“Felicity, my dearest love, yes! We work for the people, not them for us. The little help we provide makes their day! And it makes mine, too. I feel more alive, more loving, more in touch with the people we need to carry us all back to the modern world, Felicity. My greatest desire is to drive a car so you can ride everywhere you want to go,” he said with a smile, tenderly caressing her face.
In reality, he didn’t want to be digging in the dirt alone. She was starting to understand that he learned more from her than she intended.
“Why, of course, you’re right, Billy dear. How could I have not seen that?” she replied, kissing him on the cheek, but not leaning too close. He was wearing the same pants he’d been wearing for nearly a month straight. Felicity burned his other clothes and gave away his last pair of pants to Char. He only had two shirts left as well, and had taken to wearing the same one every day. She decided that her hasty actions in burning all his clothes were ill-advised, and in his way, he was making her pay for it.
Touché.
They headed into the great outdoors, turning east toward the morning sun for a cool stroll to the greenhouses and fields. The fresh air smelled good. The crispness of fall approached, even though it was still late summer. Billy felt good about the direction the town was going. He looked in the direction of the power plant, seeing the lights twinkling. He couldn’t hear the hum of the natural gas-fired system, but he knew it was there.

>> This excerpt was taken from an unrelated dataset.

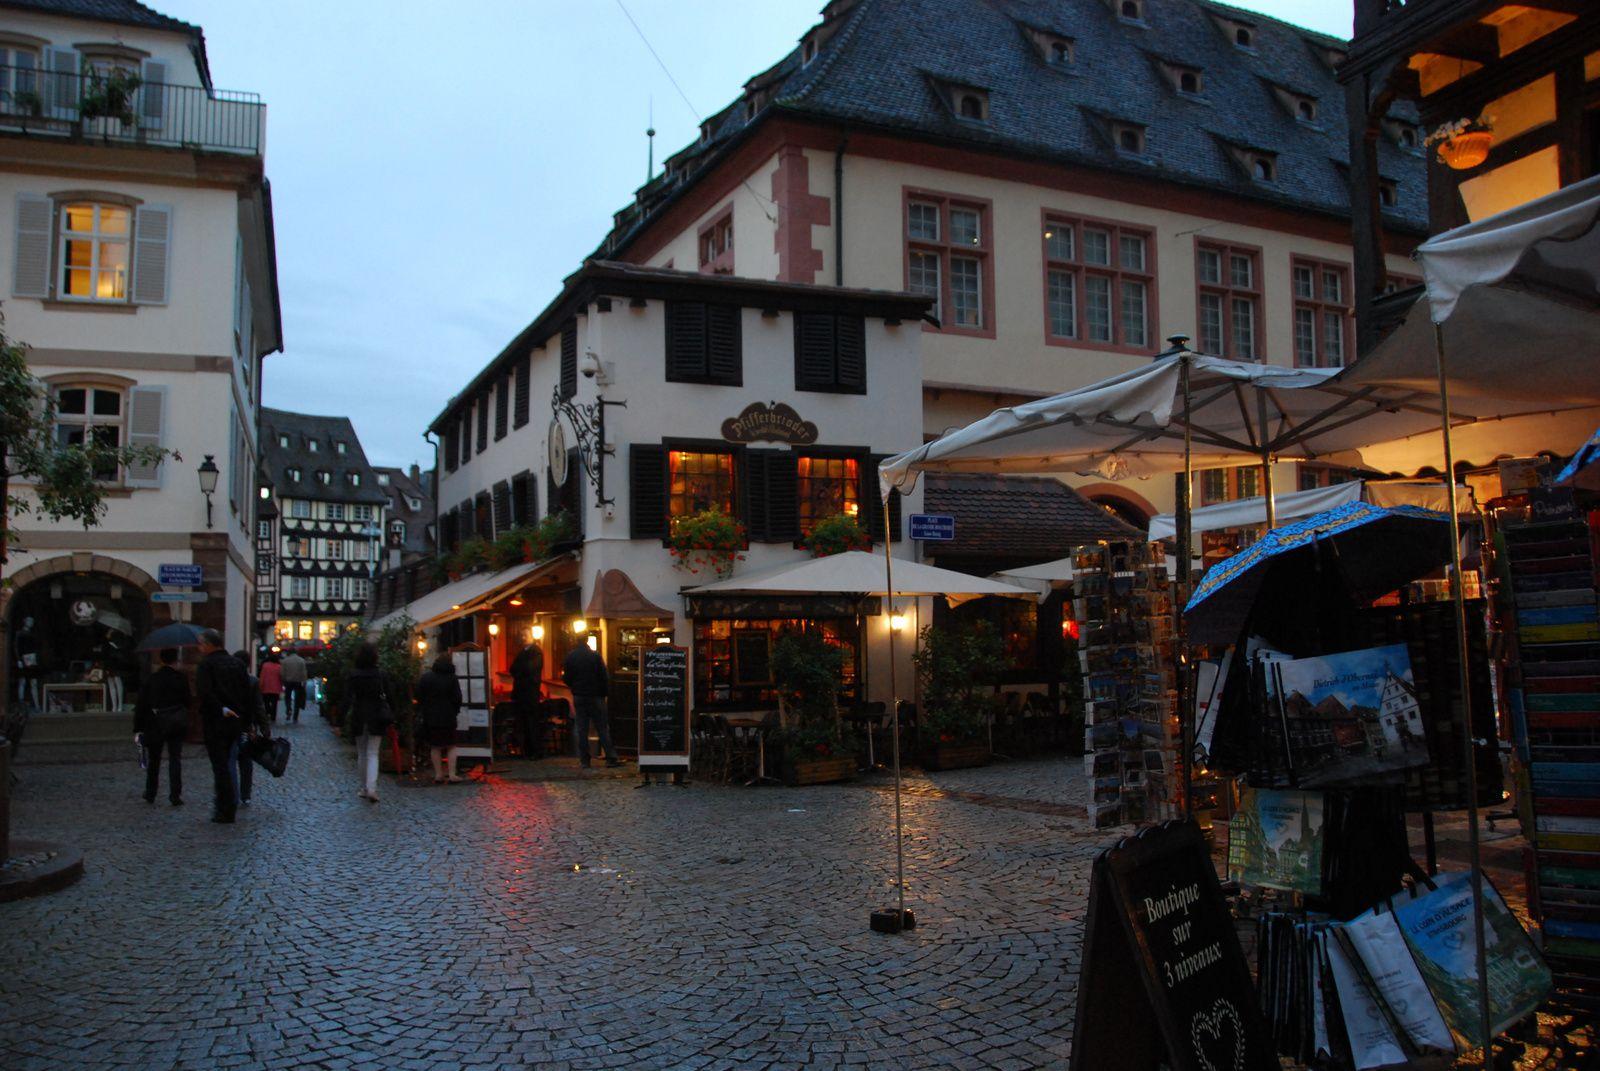 Strasbourg / 2013 / Il est 08h38, nous sommes le 23 Février 2021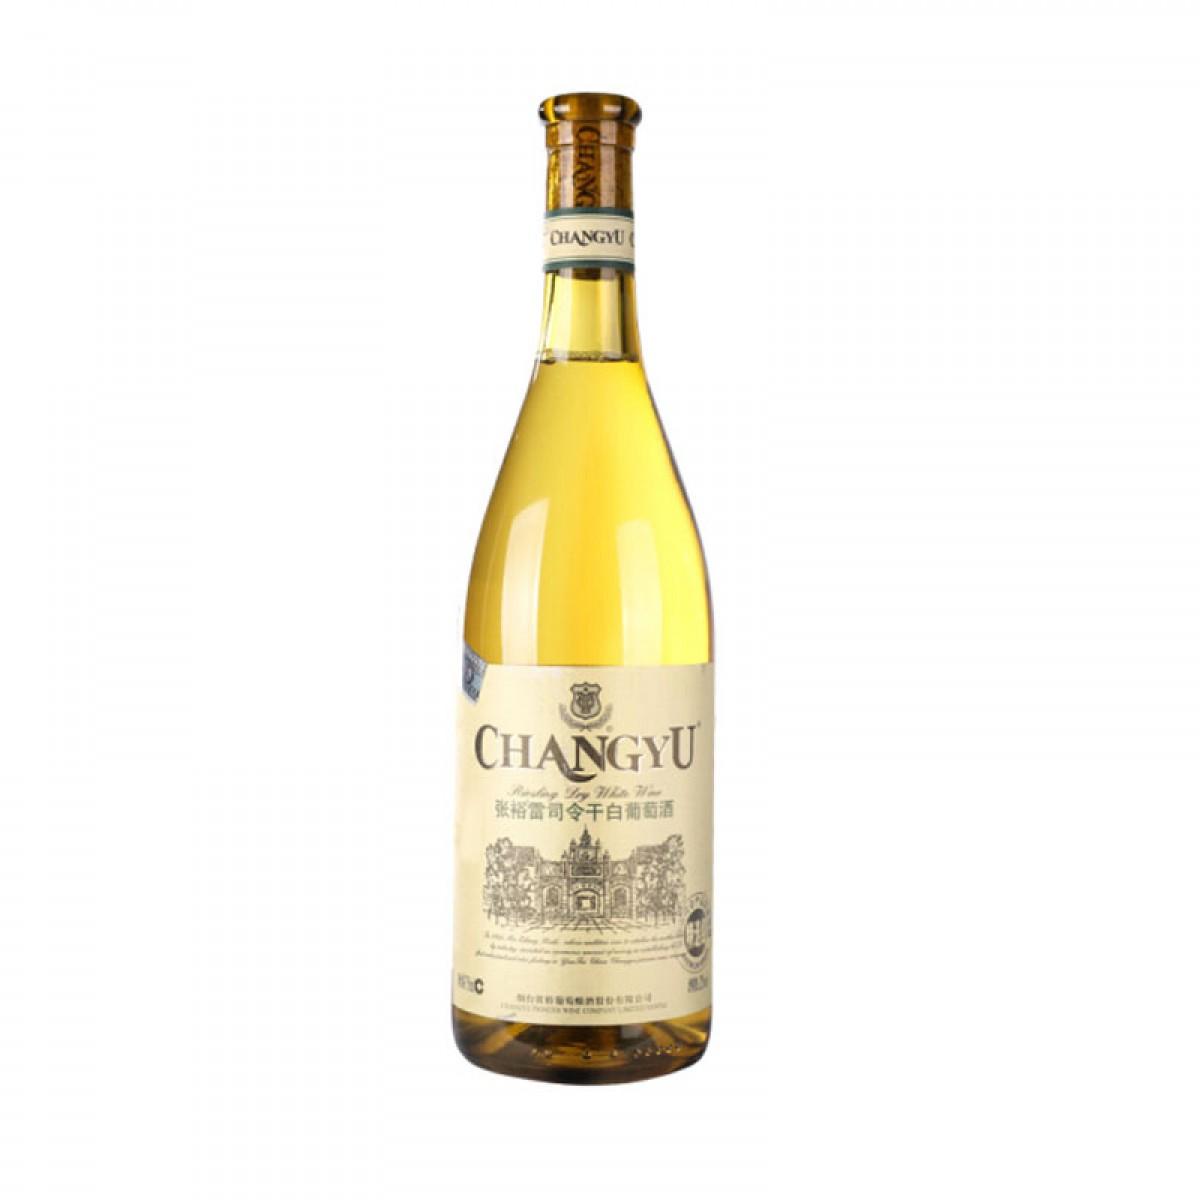 张裕 雷司令 干白葡萄酒 750ml 单瓶装

Felicity could feel Billy’s good mood and decided that she’d be in a good mood, too.
* * *
Terry greeted Billy and Felicity as he and the others ran past on their way to the greenhouses. He deposited his charges one at a time at their usual places. He liked the relationships they’d built with each of the farmers, seeing that they’d become more integrated with the community. From village toughs to hard-working partners. It was amazing what a little adult leadership could do. And excising a cancer like John. Some people just don’t deserve to coexist with decent folk, Terry thought and added, It’s not the Spanish Inquisition, just a little haircut, that’s all.

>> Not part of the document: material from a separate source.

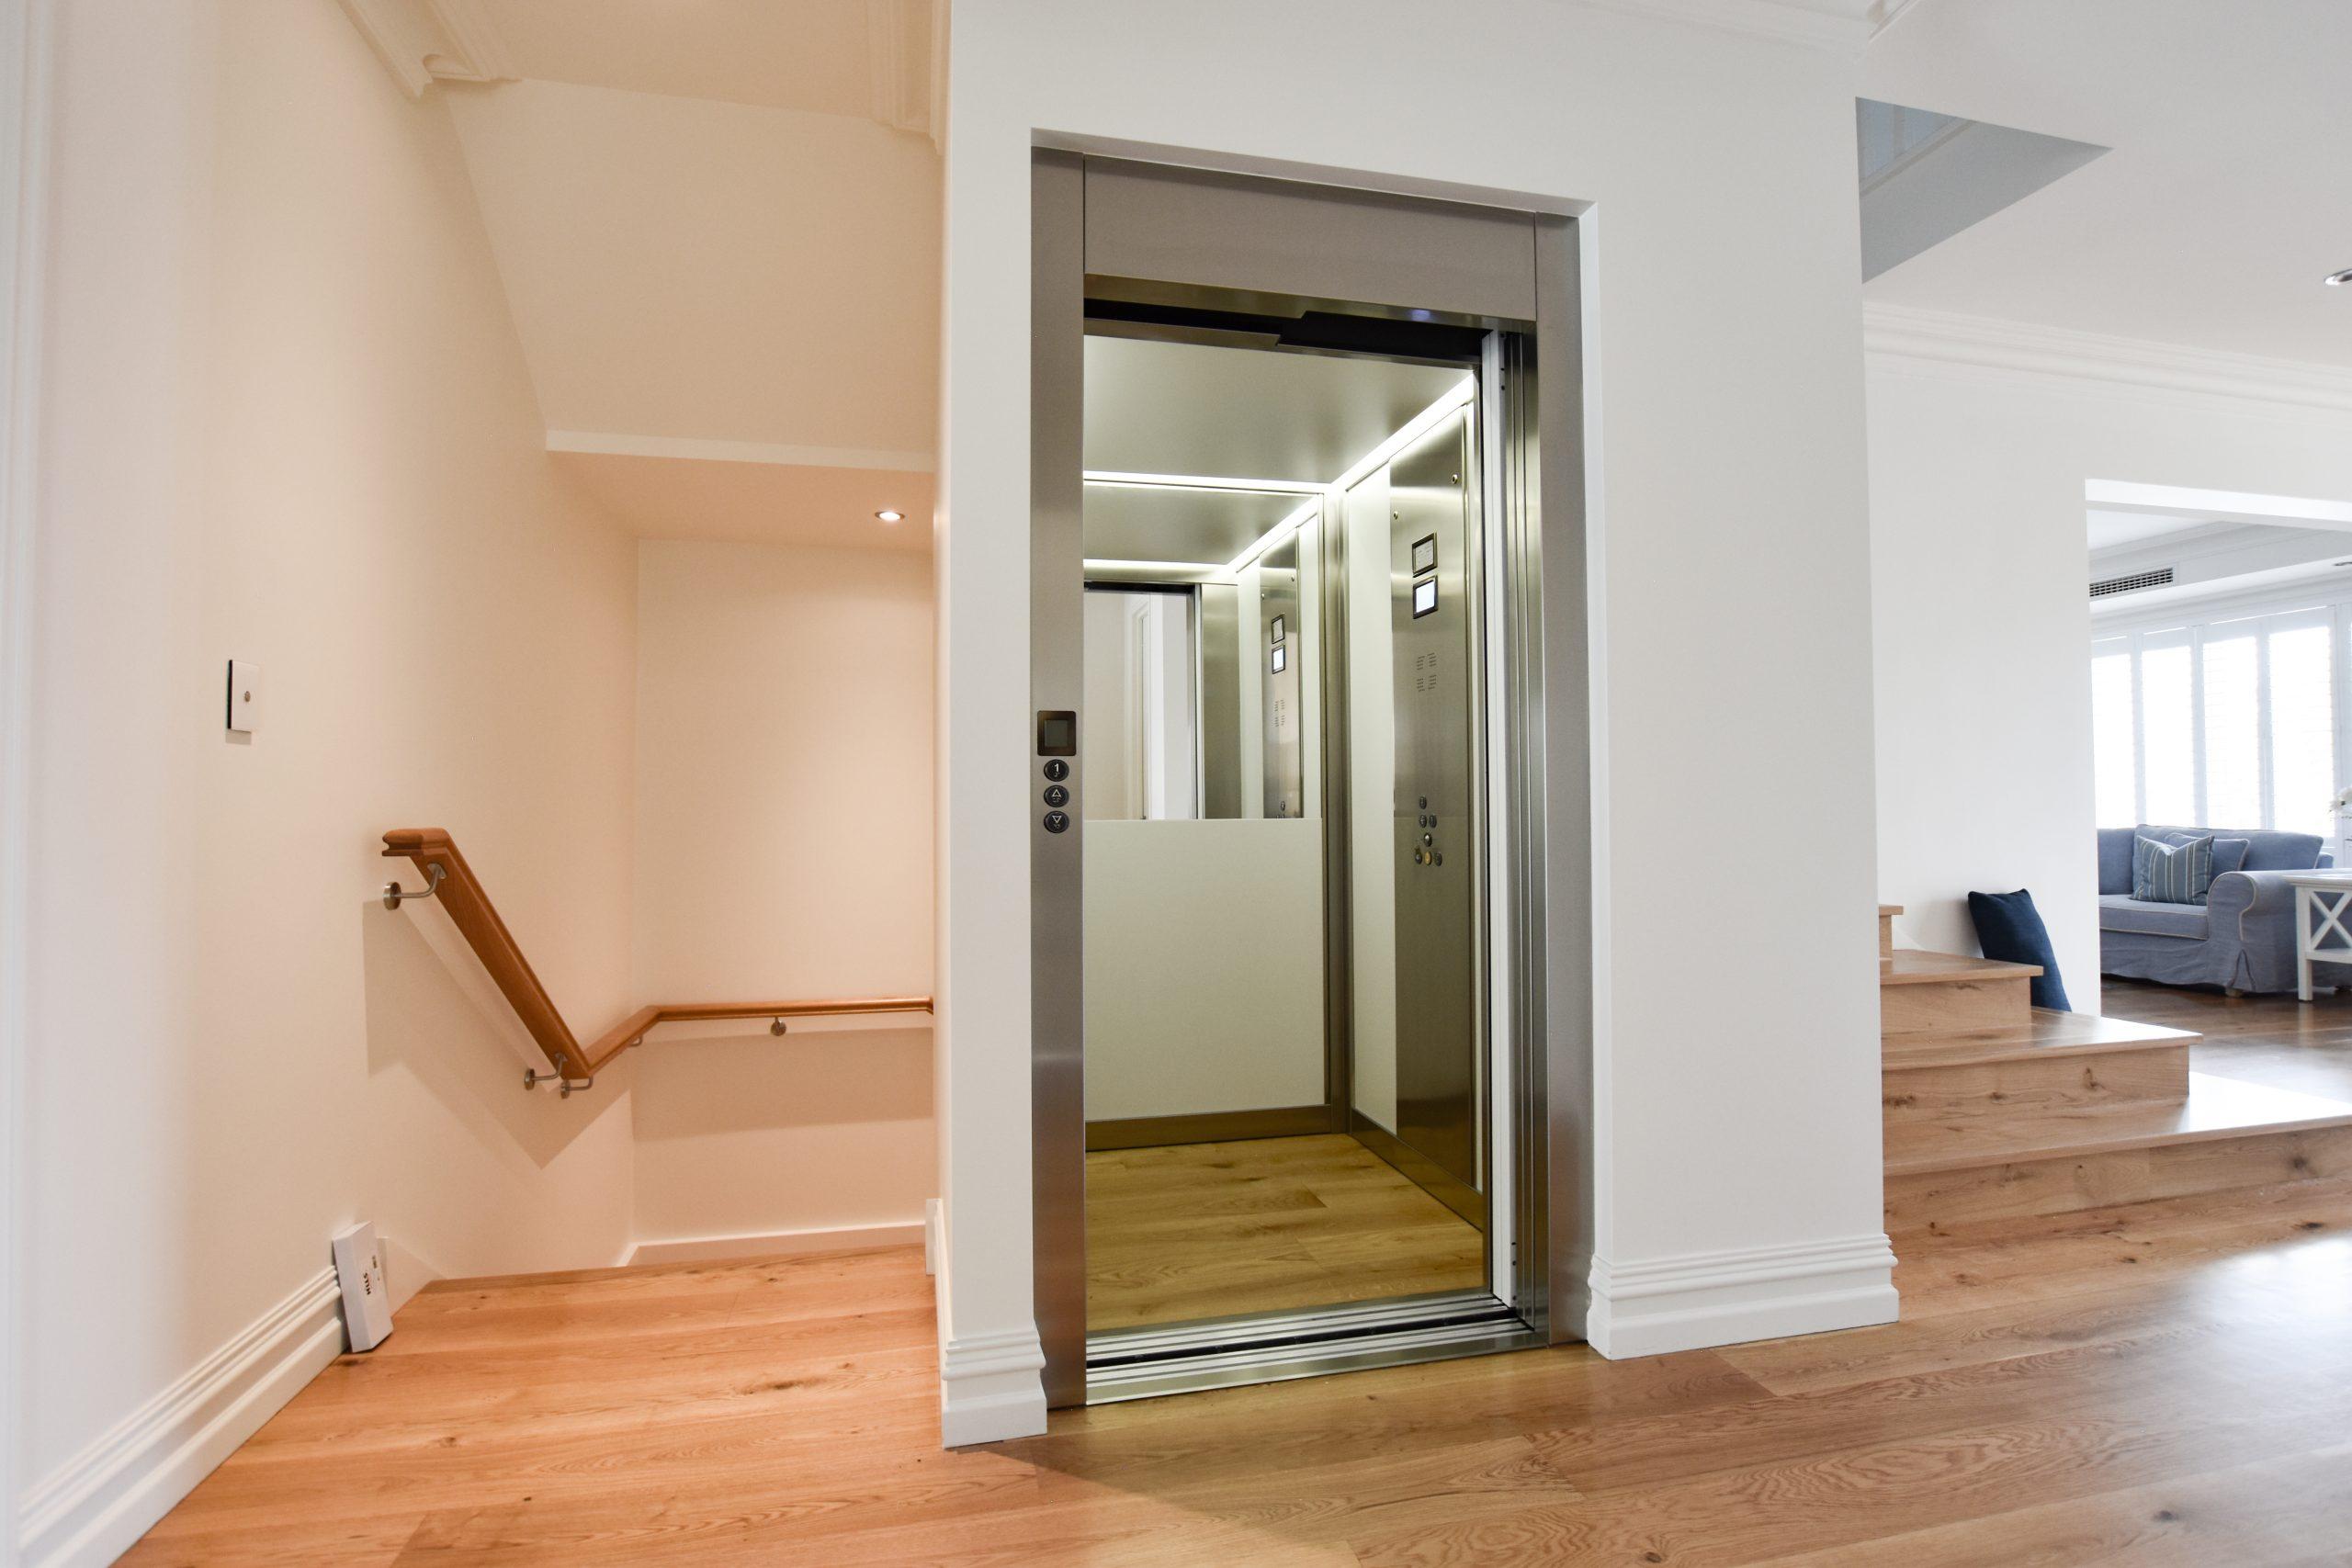 perth home lift retrofits - west coast elevators

Devlin was dropped at the first greenhouse, joining his new friends, Ivan with the second, then Jim, and Mark in the fourth. Char joined Terry although he tried to drop her at the fourth greenhouse. She wasn’t going there because she suspected that was where Billy and Felicity would end up. It was the largest of the five.
Terry didn’t want to fight, so he quickly capitulated, plus he had an ulterior motive. Over the weeks, he’d been consolidating a variety of pots and vats for his first attempt at making beer. He needed Char to work while he played.

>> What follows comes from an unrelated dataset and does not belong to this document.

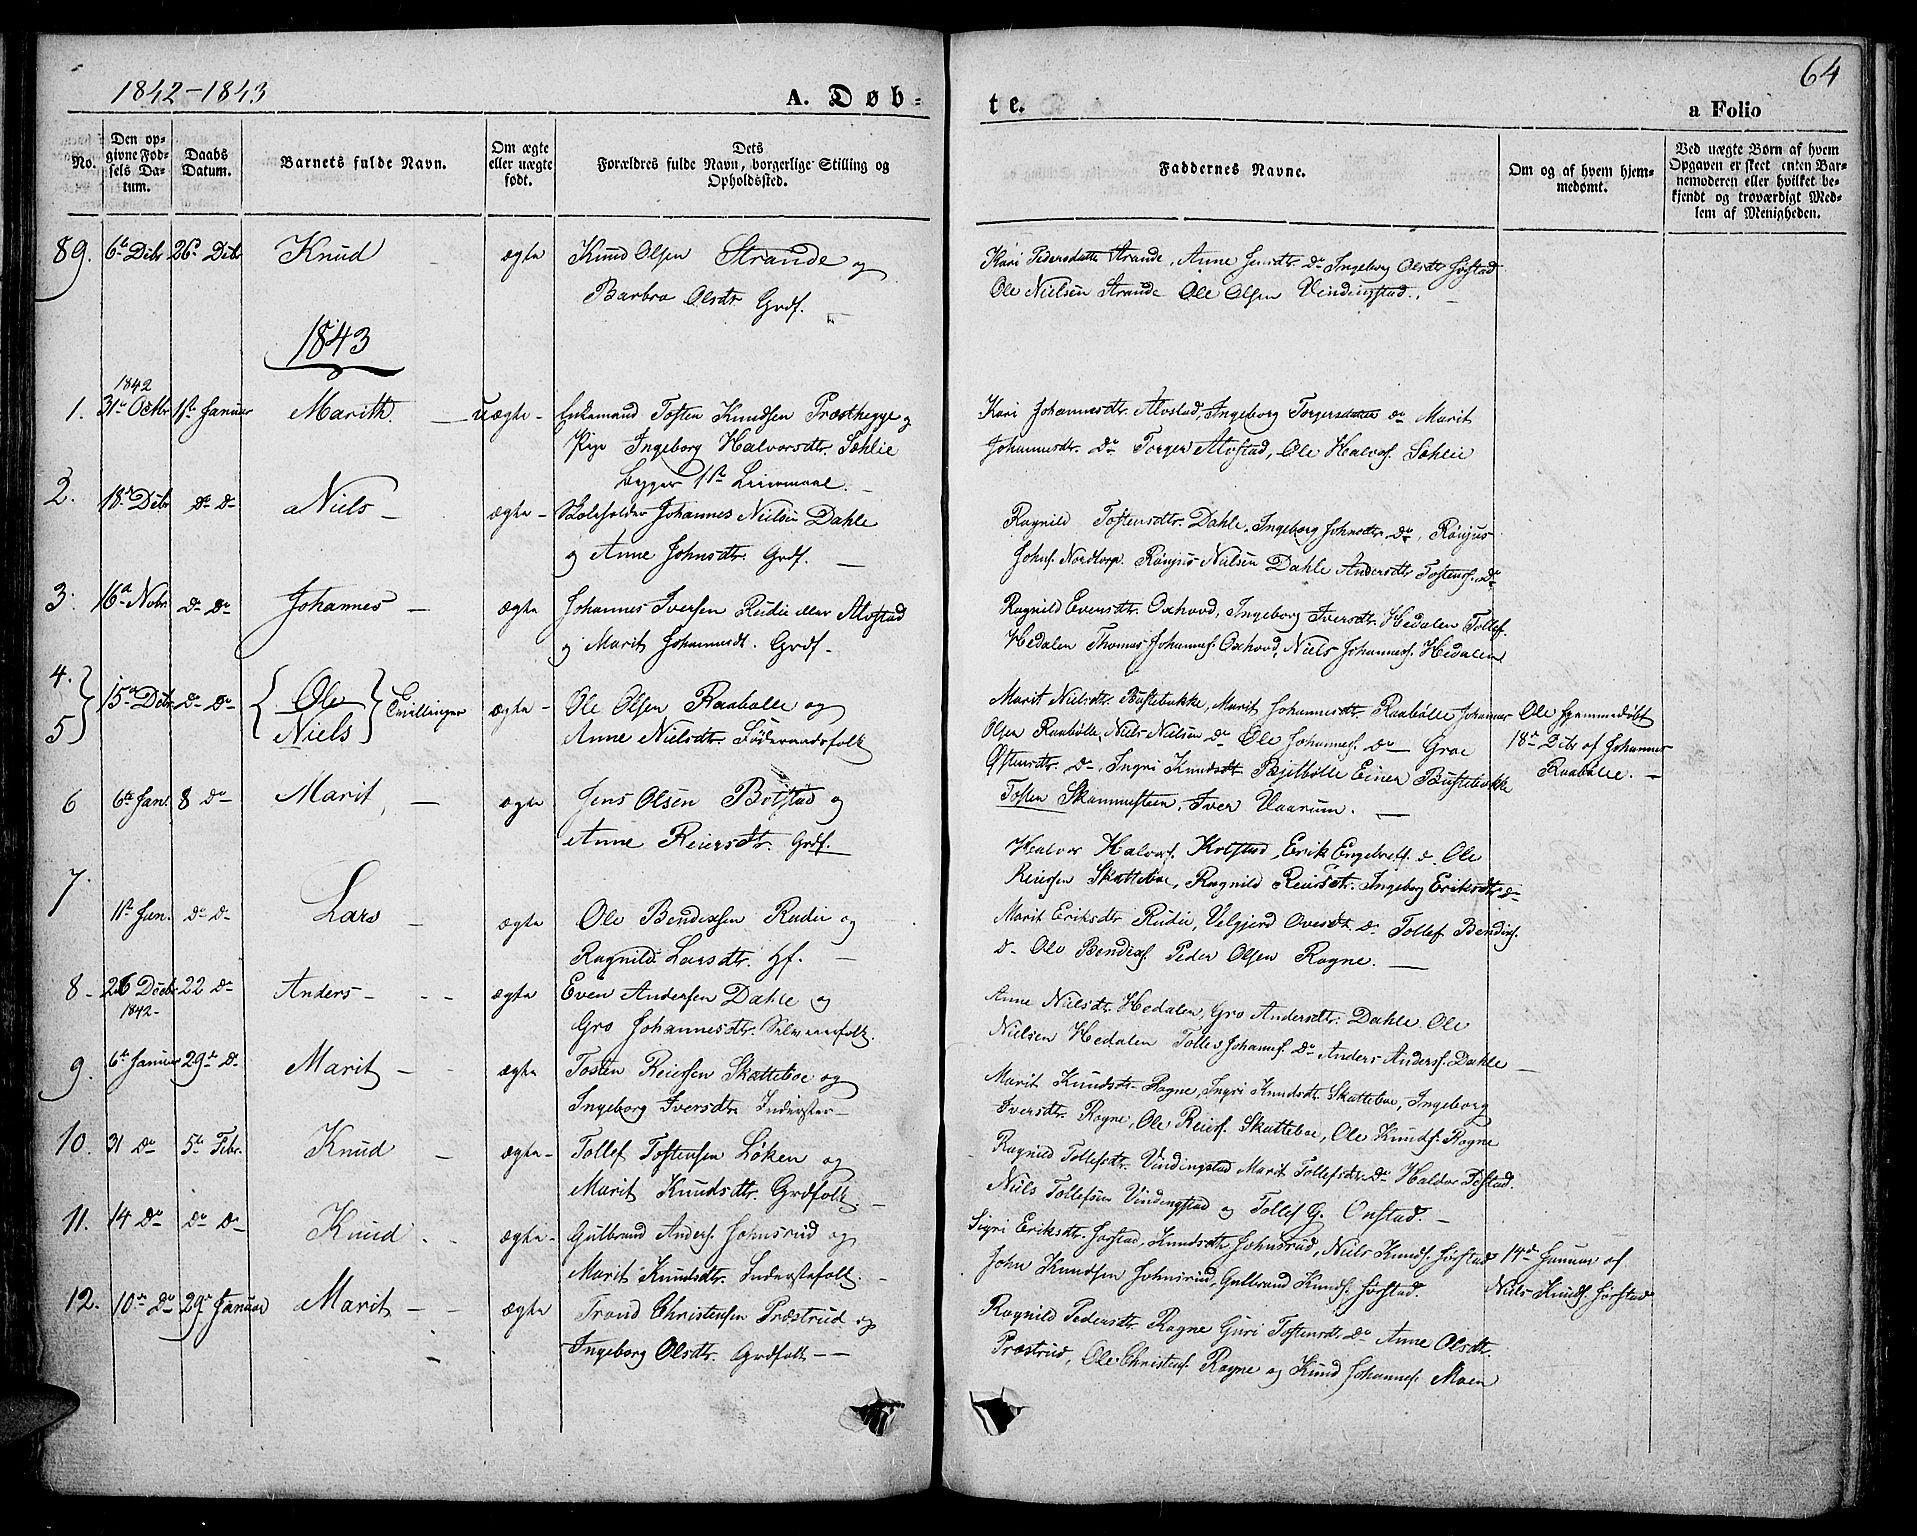 SAH, Slidre prestekontor, Ministerialbok nr. 4, 1831-1848, s. 64

When they arrived, the farmers were pleased as usual and even had fresh, warm buns sweetened with wild honey. Terry liked civilization and it seemed that Char did, too. Who wouldn’t when they were treated like that?
“Beer, my good man! Today is the day,” Terry told Pepe Morales. His family had immigrated at some point in the past, but none of that mattered anymore. In the here and now, Terry considered Pepe to be a hero, because he selflessly grubbed in the dirt so others could eat.
Pepe grinned and slapped Terry on the back as they headed outdoors.
They had malted the barley a week prior, by taking the grain, adding water, letting it start to germinate, then removing the water and drying the barley. Pepe put a three-gallon pot of water on the fire. They needed to get the water hot, add the malted barley, and stir it together to release the starches from the grains. That process would take one to two hours, then they’d drain that, using the grain bed as the filter. Terry wanted a second sparging, as it was called, to flush as much starch from the mash as he could.
Then they’d boil the drained off liquid to reduce the water in the mixture and bring out the full flavor of what would become beer. Once that was done, they’d pour the mixture into a fermenting tank, where they’d add yeast, a rough concoction that Pepe had been working on for years with the help of his wife. Once the yeast was added, they’d put that vessel in as cool a place as possible for anywhere up to a month.
Starting today, beer in a month. Char didn’t see the allure in any of it. She’d had beer before, probably even too much of it, but she never liked the taste. Of all things to bring back, she wondered why Terry wasn’t working on champagne. She’d mentioned it more than once and Margie Rose concurred. A chilled bottle of champagne would be incomparable.
Terry brushed them both off with a claim that there were no grapes. Char told him she’d seen grapes in the mountains, but he wasn’t convinced and even if he had been, he was not going into the mountains looking for grapes.
She assured him there was no danger, but he didn’t know if that was just a lure to deliver him to the rest of the pack or what. He wouldn’t risk it. No grapes and no champagne.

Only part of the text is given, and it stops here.